Но как ни были важны неожиданные богатства церкви и ее превратности, для того чтобы Медичи захватили лидерство в европейских высоких финансах, к успеху там, где потерпели поражение Барди и Перуззи, их привела еще более долгосрочная и в конечном счете самая важная перемена в системных обстоятельствах — конкуренция за мобильный капитал между Францией и Англией, усугубленная Столетней войной. Как видно из рис.2, Эдуард III, силой вырвав у фламандцев более выгодные условия торговли и займы, а также отказавшись платить по флорентийским долгам, действительно сумел на время улучшить платежный баланс своего королевства и ликвидность, о чем свидетельствует увеличение выпуска английской монеты в 1340‑х — начале 1350‑х годов. Однако к 1360‑м годам этот положительный эффект сошел на нет, и, за исключением недолгих поступлений от Кале в 1420‑е годы, в течение остальных 90 лет войны Англия постоянно страдала от нехватки платежных средств.
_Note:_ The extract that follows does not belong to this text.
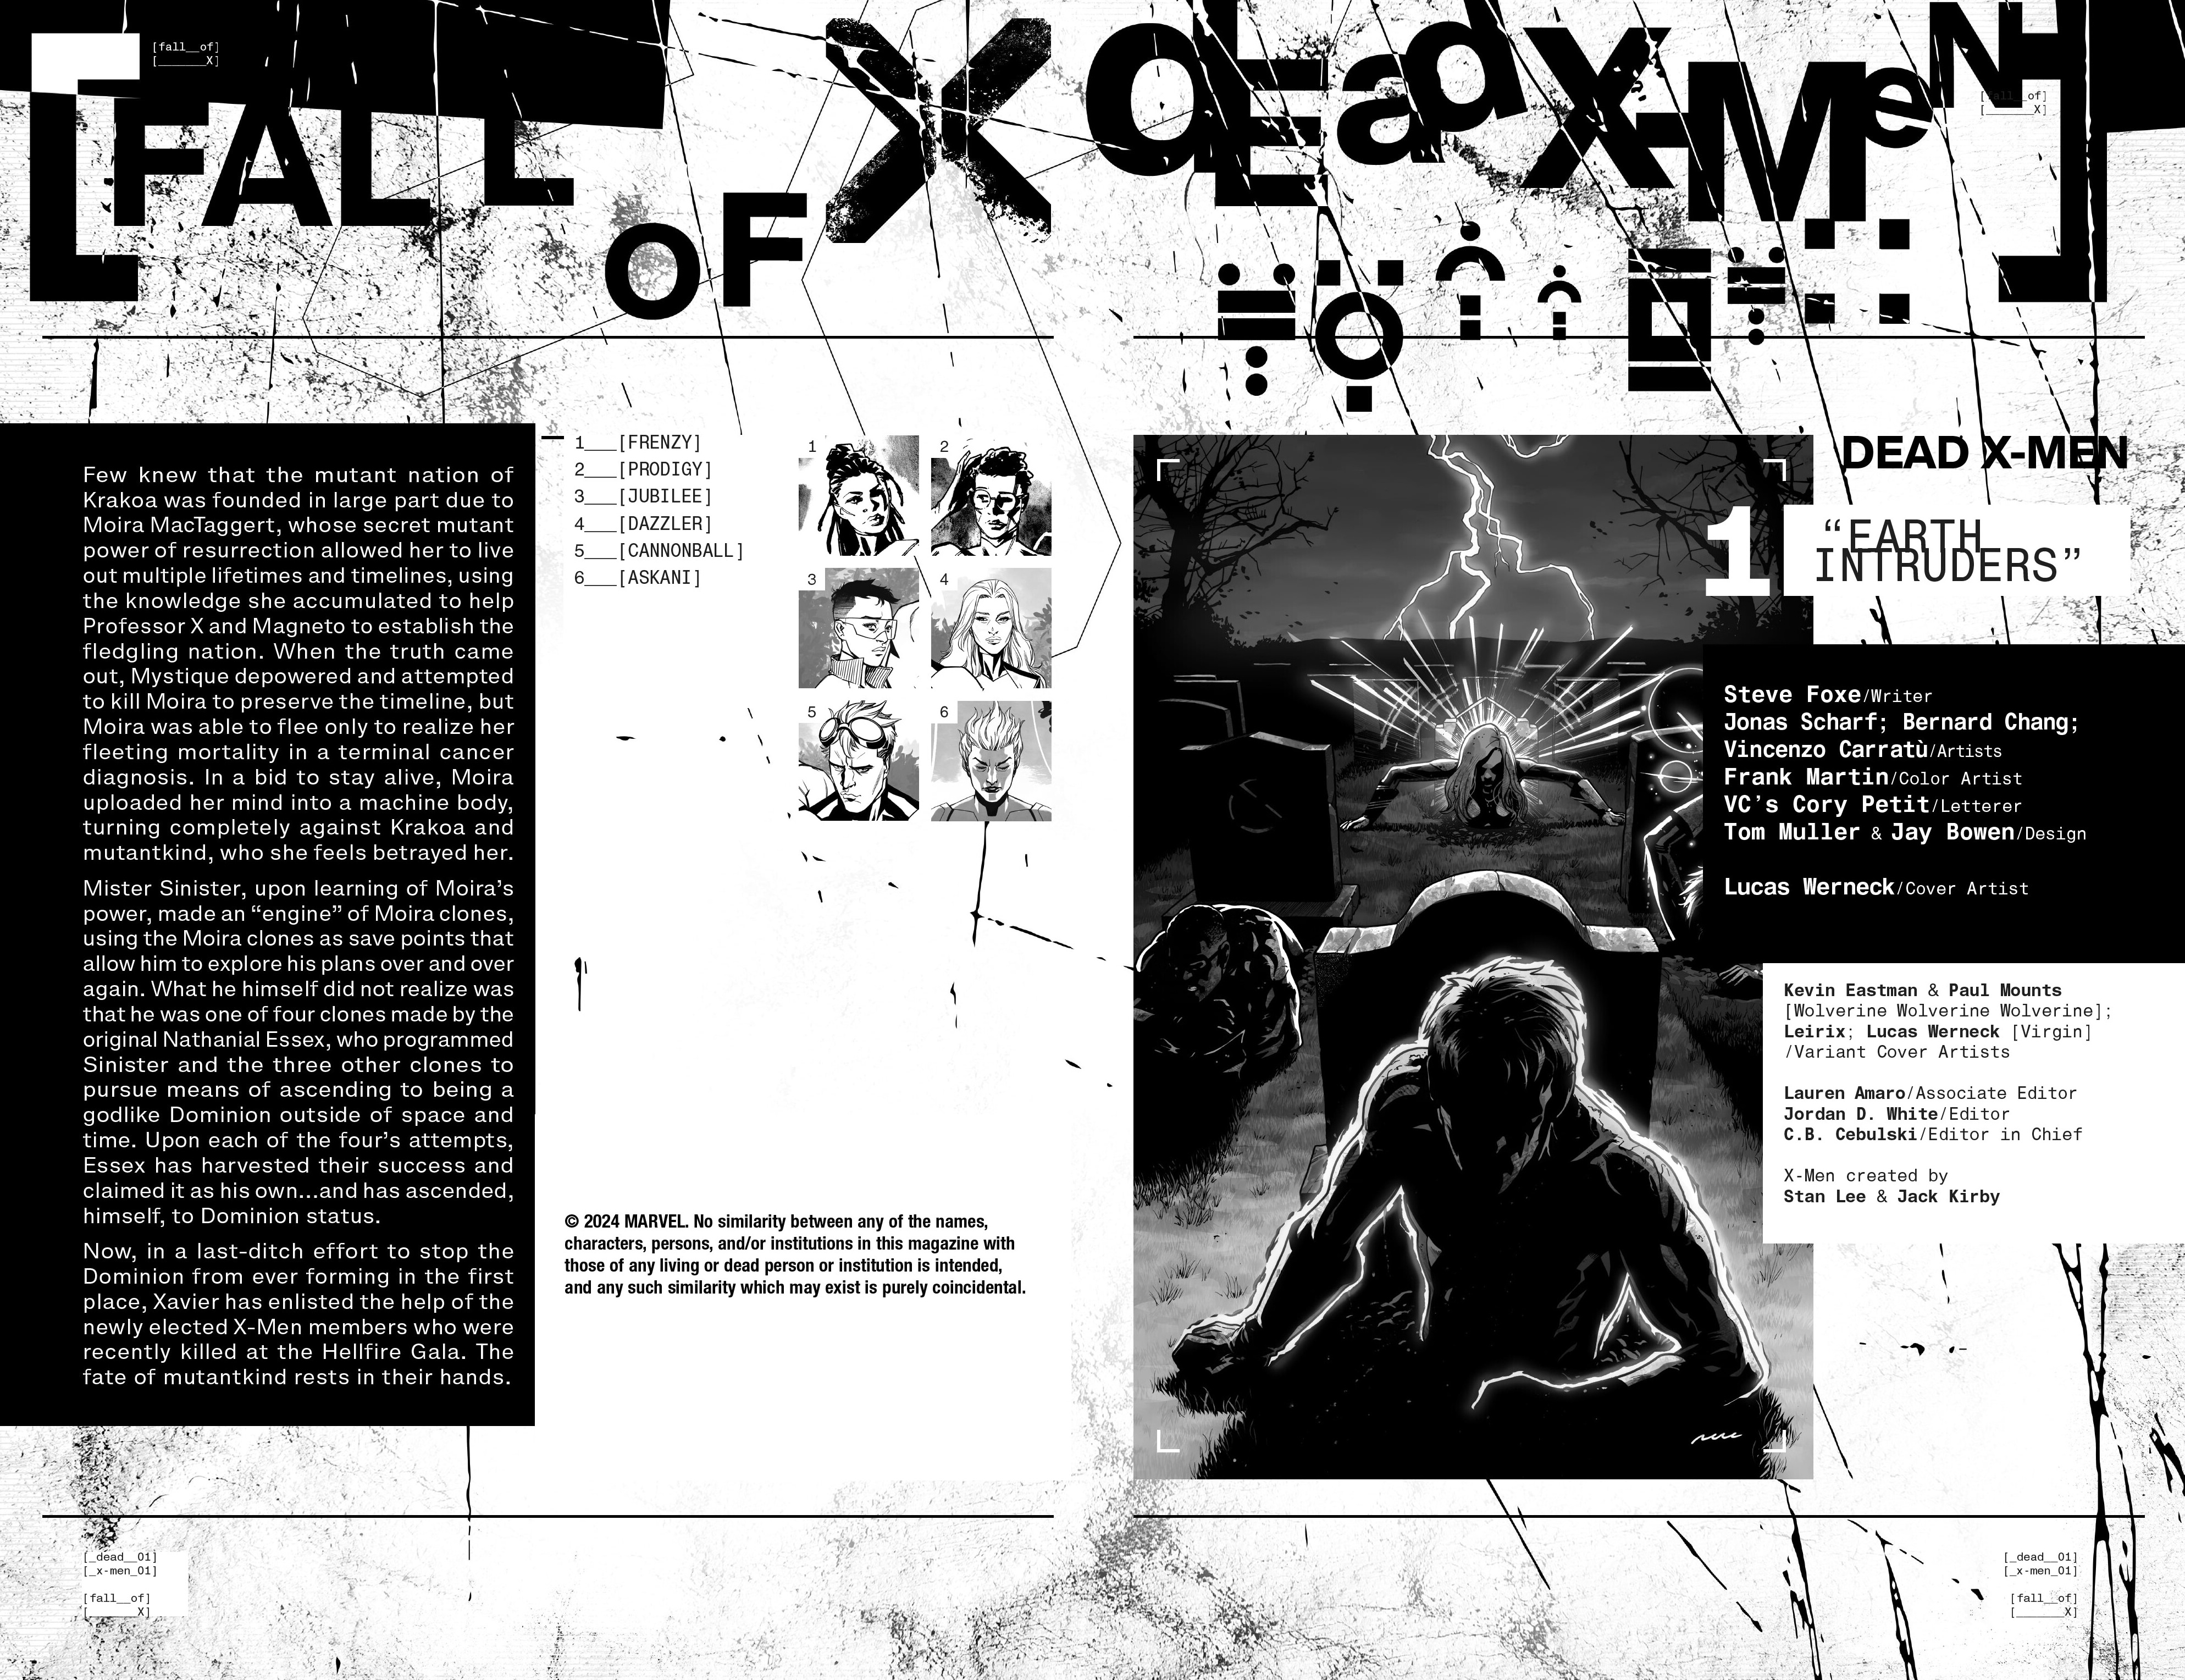 Read online Dead X-Men comic -  Issue #1 - 5

В основе всего этого лежал тот факт, что сама война, ведущаяся на французской земле, угрожала погубить преобладание англичан над французами в деле коммерциализации военного дела.
Как и раньше в Италии, полевая армия, постоянно нуждающаяся в подвозе, служила аналогом кочующего города. В краткосрочном плане ее воздействие на французскую деревню порой носило катастрофический характер; в долгосрочной перспективе армии и их добыча усиливали роль покупки и продажи в повседневной жизни. В итоге к тому времени, как французская монархия начала оправляться от полной деморализации, вызванной первыми английскими победами и массовым недовольством знати, расширившаяся база налогообложения позволила королю получать достаточно звонкой монеты, чтобы содержать все более грозные вооруженные силы. Именно эта армия к 1453 году изгнала англичан из Франции после ряда успешных кампаний (McNeill 1984: 82–83).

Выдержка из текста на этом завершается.